Прихожане были изумлены: такому молодому, неопытному человеку, в котором кровь еще кипит?.. Но ничего не поделаешь: приказ есть приказ. «Наверное, — говорили люди, — его надо нынче как-то особенно почтить…»

Лузи подошел к амвону и дрожащим голосом стал читать: «Владыка мира, господствовавший еще до появления всякого создания…» Он чувствовал себя недостойным произносить эти слова, но ребе, стоявший рядом, у омеда — возвышения для кантора, — в талесе и белом халате, с вязаной ермолкой на голове, тщательно побрившийся в честь Судного дня, поддерживал его и, глядя на него, подбадривал: «Ничего, будь смелее…»

Потом, когда молитва закончилась, молодые люди, как водится, разошлись по домам, а в молельне осталось только несколько прихожан во главе с ребе, который бодрствовал и не переставал молиться и читать псалмы, готовясь к предстоящему дню Великого суда.

Лузи тоже остался. Молельня, как того требует обычай, всю ночь была освещена тем же количеством ламп и свечей, что и раньше. Ни одна лампа, ни одна свеча не была погашена, на окнах и на длинных столах у западной стены в ящиках с песком тоже стояли, потрескивая, свечи.

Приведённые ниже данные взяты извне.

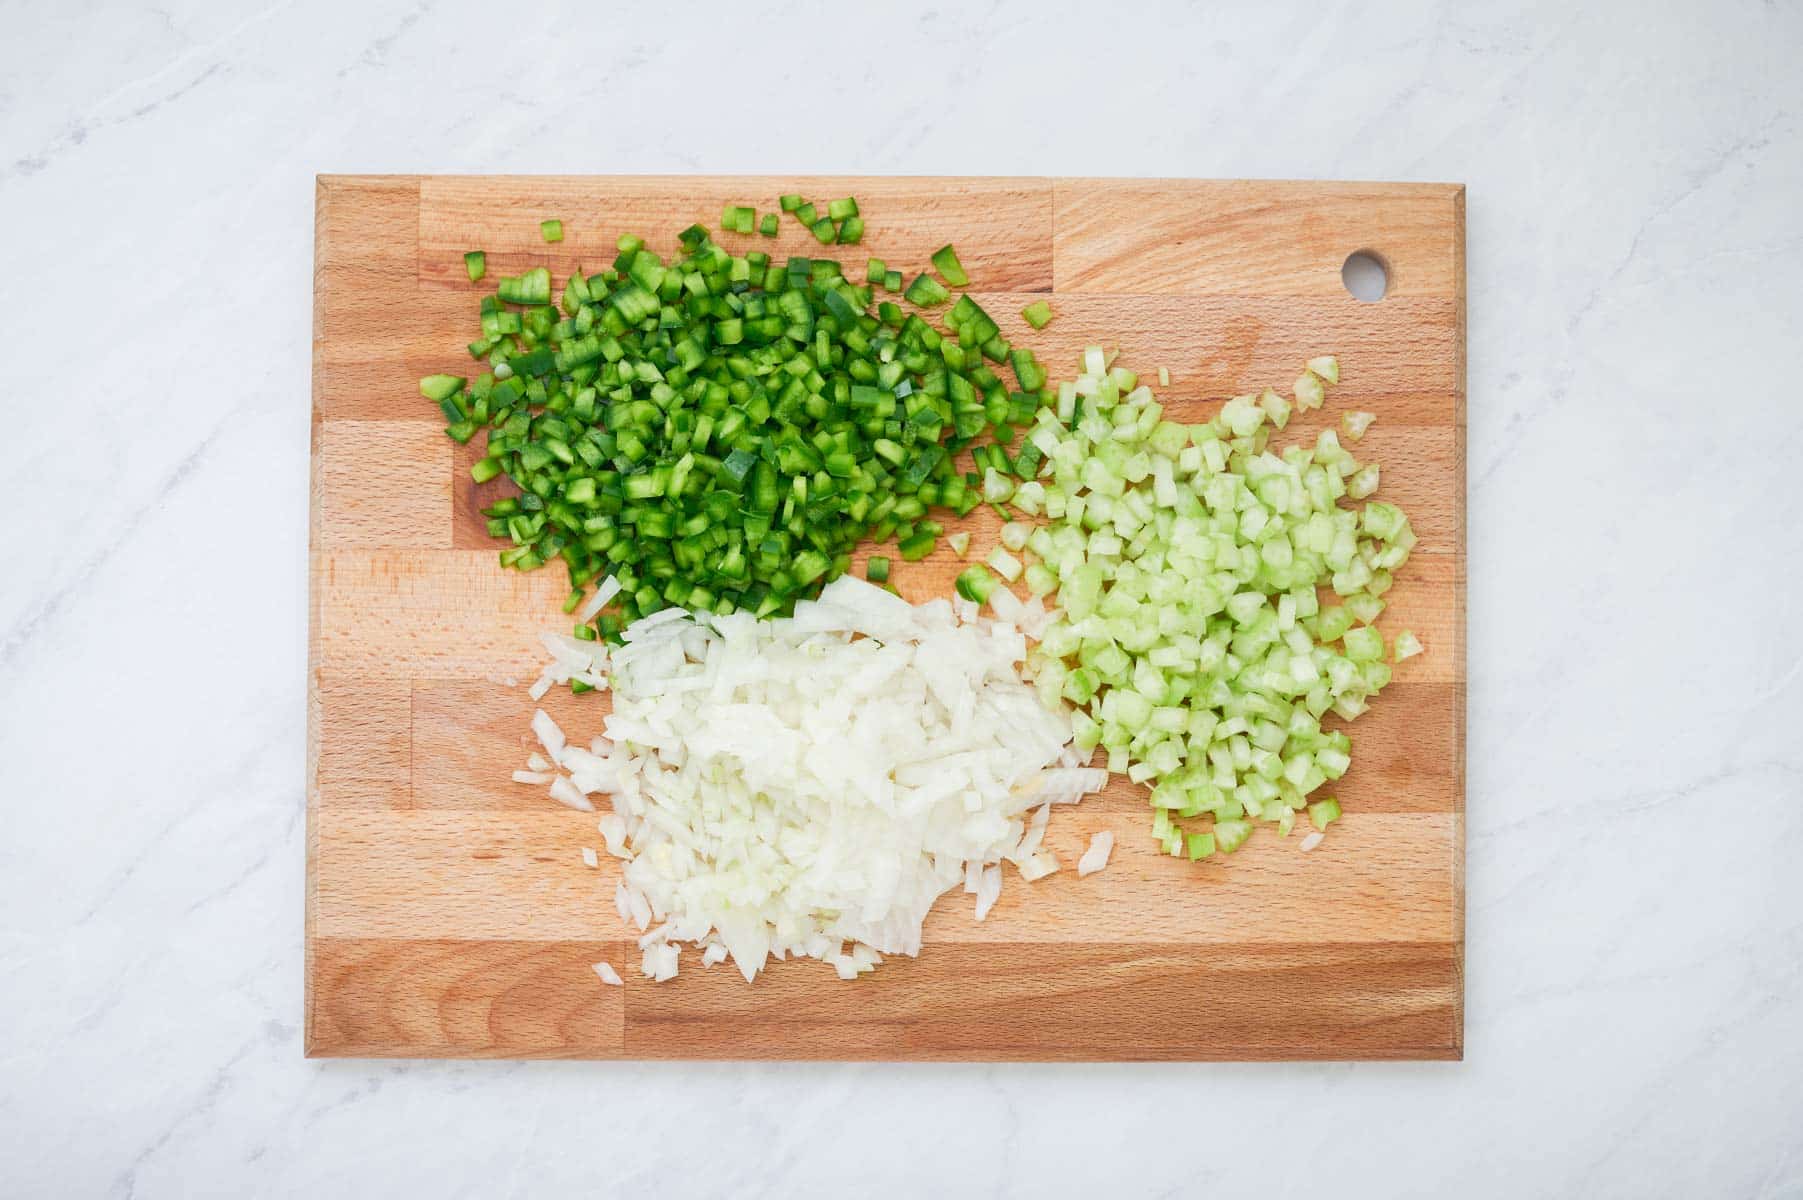 Green bell pepper, celery, and onion are diced.

Было уже поздно. После утомительных предпраздничных хлопот, беготни в микву после молитв, заговения, вечерней молитвы в синагоге, после «Кол нидрей», позднего ночного бдения и чтения псалмов все устали и уснули — кто на скамье, уронив голову на подставку для книг, а кто и на полу, устланном в эту ночь сеном и соломой. Даже постоянно бодрствующий служка, которого, казалось, и сон не берет, — даже тот уснул. И только ребе, уже снявший талес, в одном халате и в ермолке, по своему обыкновению, осторожно ходил между скамьями… Для чего? Для того чтобы смотреть, не случилось ли, упаси Бог, с кем-нибудь из спящих того, что иной раз случается с мужчинами по ночам?.. Он вглядывался в лица спавших, следил и старался предупредить, чтоб этого не произошло в ночь Судного дня! Заметив неладное, он острым указательным пальцем начинал будить и тормошить спящего.